- Hinkles Ferry Hinkles Ferry
- Coordinates: 28°56′59″N 95°33′27″W﻿ / ﻿28.94972°N 95.55750°W
- Country: United States
- State: Texas
- County: Brazoria
- Elevation: 10 ft (3.0 m)
- Time zone: UTC-6 (Central (CST))
- • Summer (DST): UTC-5 (CDT)
- Area code: 979
- GNIS feature ID: 2034569

= Hinkle's Ferry, Texas =

Unincorporated community in Brazoria County, Texas, United States

Hinkle's Ferry is an unincorporated community in Brazoria County, Texas, United States. According to the Handbook of Texas, the community had a population of 35 in 2000. It is located within the Greater Houston metropolitan area.

==Geography==
Hinkles Ferry is located near the San Bernard River, 6 mi south of Brazoria in southwestern Brazoria County.

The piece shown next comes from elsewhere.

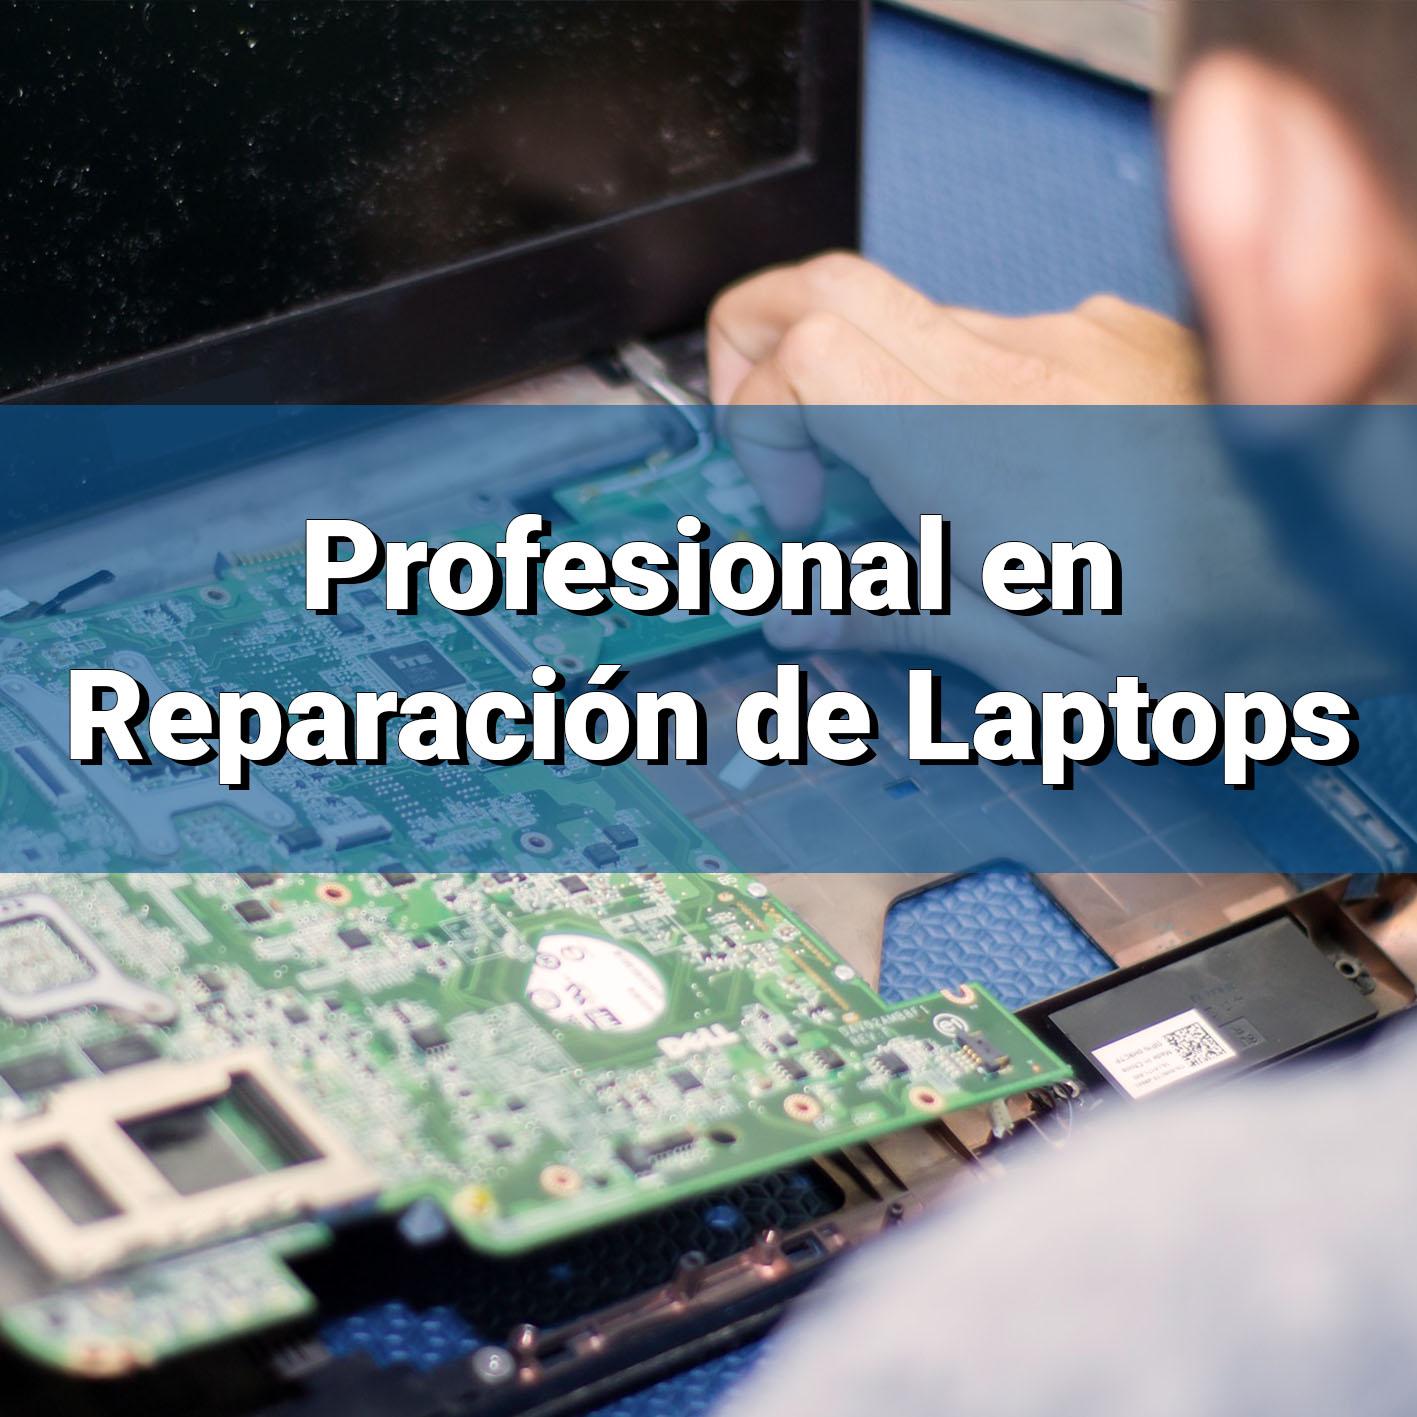 Profesional en Reparación de Laptops

It was established around an old ferry crossing just north of where Farm to Market Road 310 used to cross the river.

==Education==
In 1896, Hinkle's Ferry had a school with one teacher and 11 students. Today, the community is served by the Angleton Independent School District. Children in the area attend Rancho Isabella Elementary School, Angleton Junior High School, and Angleton High School in Angleton.